永遠の謎
母は何故、父と結婚したのだろう。
海桜はずっと疑問だった。
若い時から変わらずに可憐な母を、父はとても愛していたが母が同じように父を愛していたとは思えなかった。
伯父に何度も尋ねたことがある。
どうして母は父を選んだのか、と。
伯父は苦笑しながら答えた。
お前の父を得ることで得られるものが大きかったのだと。
幼い時はわからなかったが、海桜も成長して家業を手伝うようになって理解した。
母は家に、父の会社を入れたのだ。
当時父の会社が持つ、いくつかの特許を母は狙ったのだ。
祖父も伯父も家の病院の経営に手を出す気がなかったそうで、母は幼い時からずっと1人で担ってきたらしい。
そんな母を今なお敬愛している伯母は、海桜が祖父の跡を継げるまでの中継ぎだと言い切っている。

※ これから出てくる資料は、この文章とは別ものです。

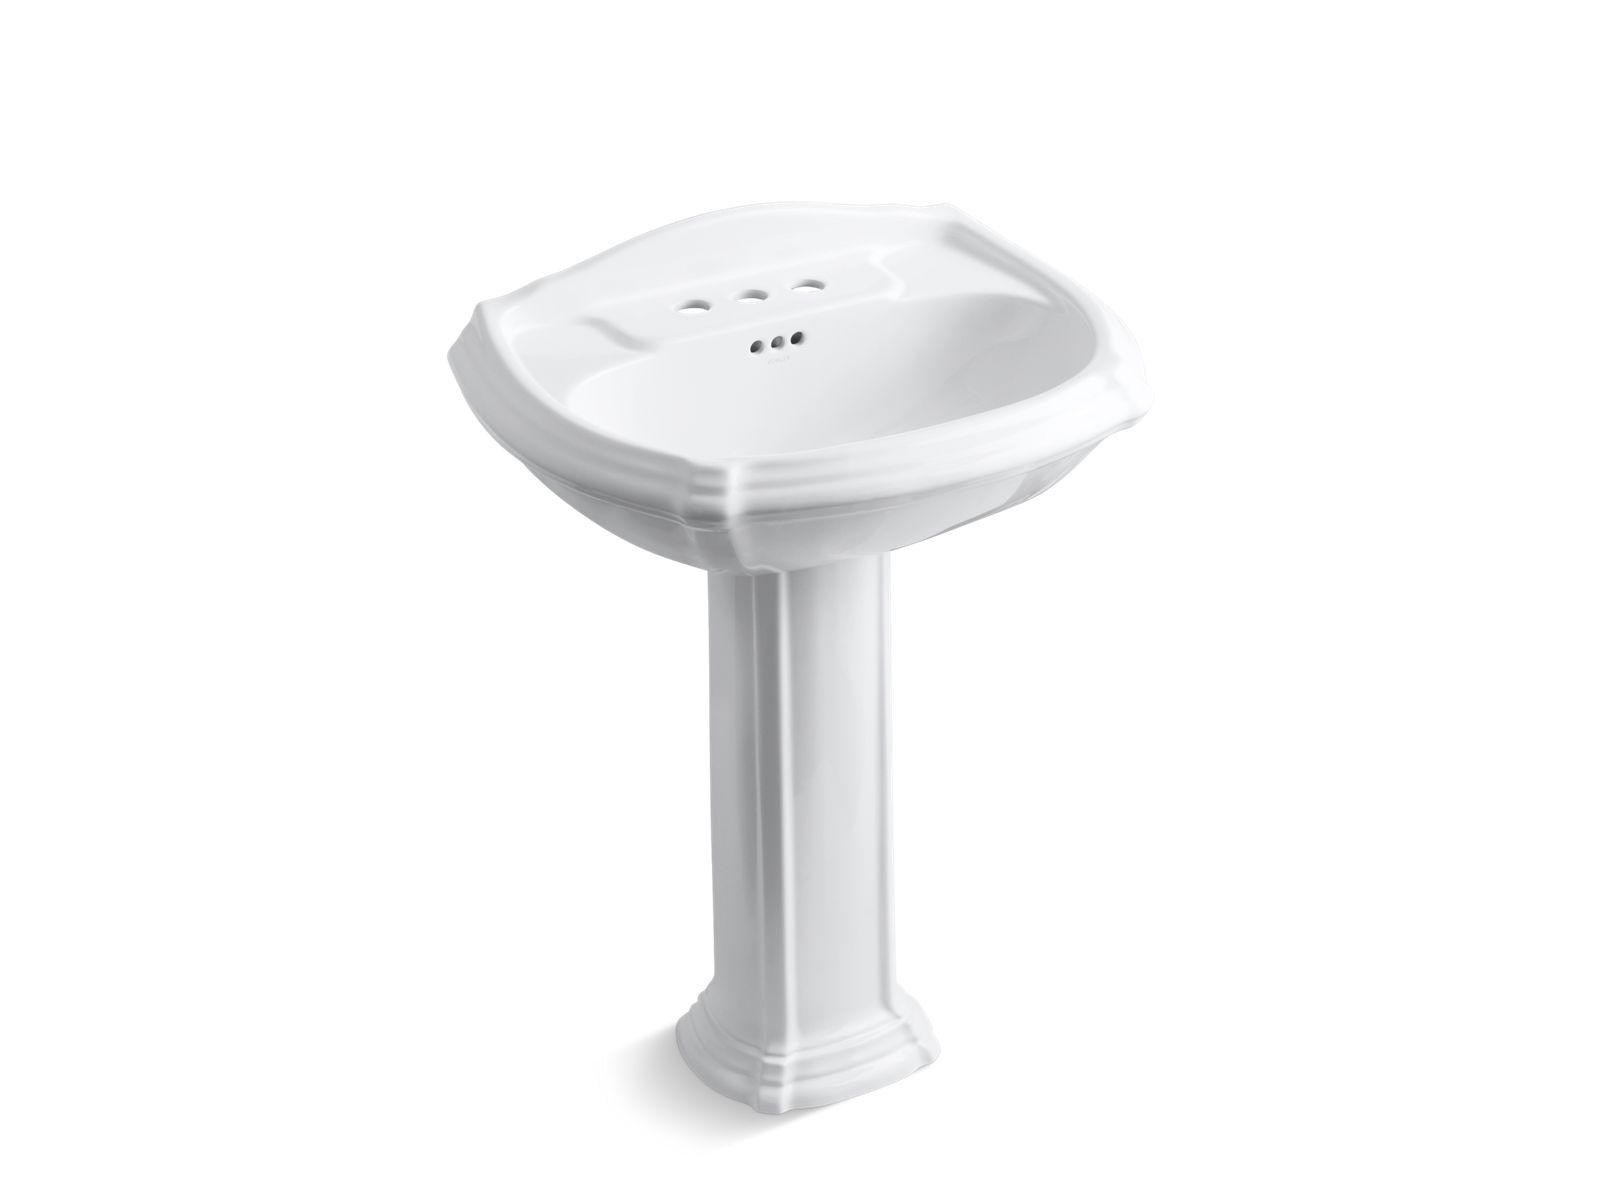 k 2221 4 portrait pedestal sink with
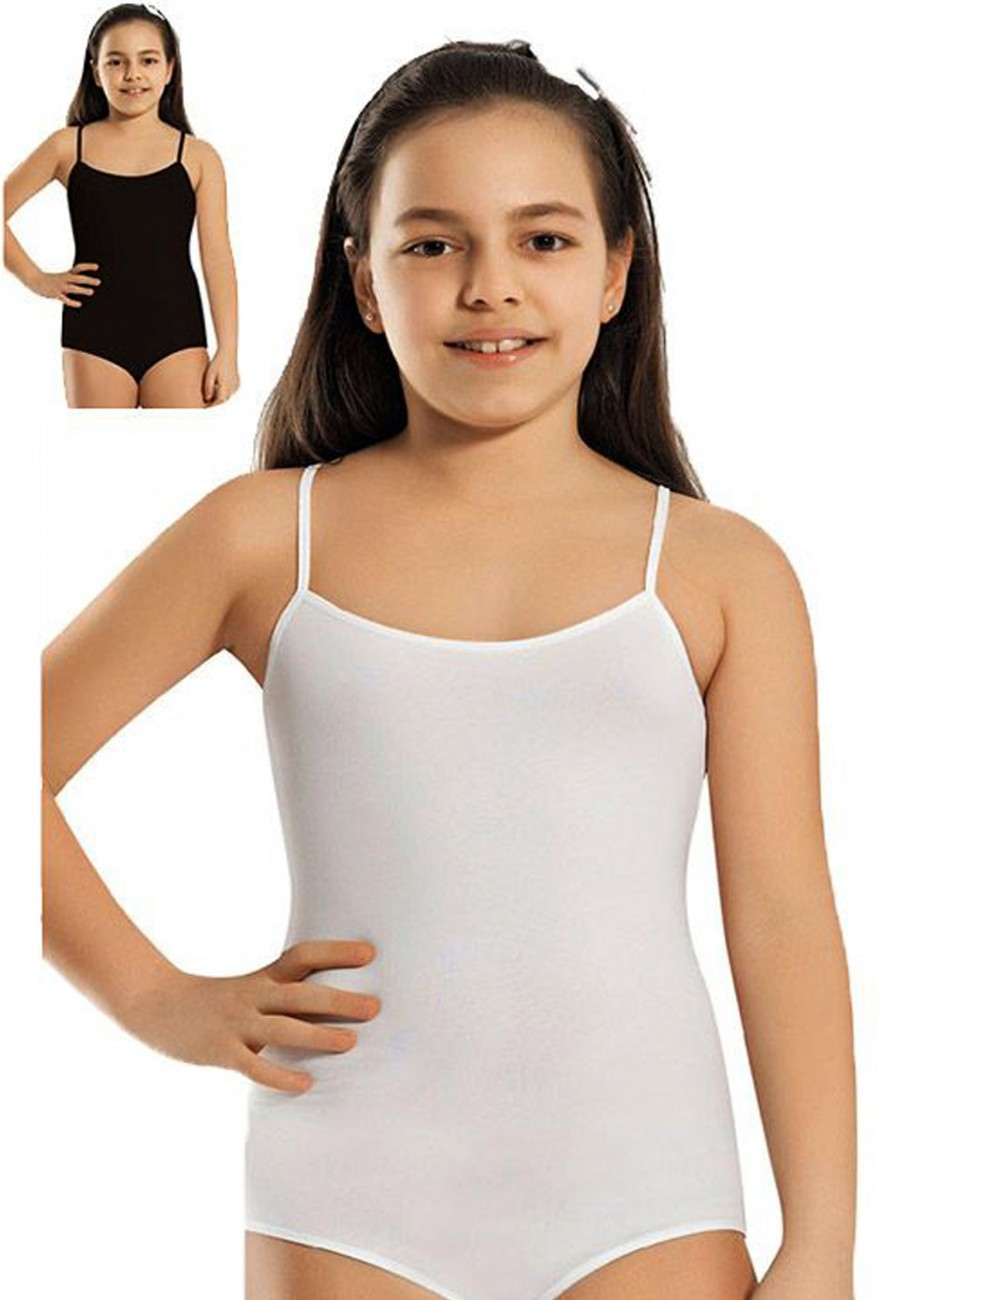 Βαμβακερό Κορμάκι με λεπτή τιραντα για κορίτσια 4 έως 12 ετών-461 5e2426563ac

海桜には院長になる気は全くなかったが、体の弱い上の弟にやらせるのは酷だと思い、医者になった。
その決断は間違ってなかったと海桜は思う。
年子の弟は肉体労働よりもデスクワークが性にあっていた。
母は早くから誠一に事務仕事を叩きこんでいた。
自分の命がもう永くないとわかっていたのだろう。
出張にも度々同行させていた。
「姉さん、ちょっといい?」
「どうしたの、誠」
「ちょっとね」
「院長室でいい?」
もちろんとうなずく弟を追いかけ並んで歩く。
院長室までたどり着くと、早々に話を切り出す。
「梨湖のことなんだけど」
「まだ落ち込んでるの?」
仕事が忙しいという言い訳で病院で働く家族はほとんど邸へ帰っていない。
といっても祖父も伯父伯母も海桜も邸や家族、使用人達を大切に思っている。
実際医者というのはそれだけ忙しいのだ。
「うん。梨湖は本気で平林が好きだったからね」
平林―――――母の側近で遺言として末妹、梨湖の養育を任された男。
いかつい顔立ちで、海桜は幼い頃はなかなか馴染めなかった。
だが、母は平林を信頼していたし、弟たちはすぐになついていた。
どこか陰のある平林に表情を与えていたのは母だけだった。
梨湖でも埋められなかった彼の心。
「あれだけ父様や伯父様がいってたのにね。平林はいつだって母様しか見ていなかったわ」
「仕方ないよ、姉さん。梨湖は母さんが生きてた時の平林を知らないんだから」
「そうね。誠、梨湖のことお願いね。私はなかなか会えないし、頼ももうずっと側にいてあげるのは難しいから」
「分かってるよ、姉さん」
頷く弟に海桜ははっとした。
誠一は時々、母によく似た表情を浮かべる。
「なんでだろうね、姉さん」
「何?」
「僕は母さんは平林を好きだったと思うんだ。それなのになんで父さんだったんだろ」
「父様の会社が欲しかったんだろうって伯父様は仰ってたわ」
「本当にそれが理由だと思うの?姉さんは」
「わからないわ」
そう、わからないのだ。誰にも。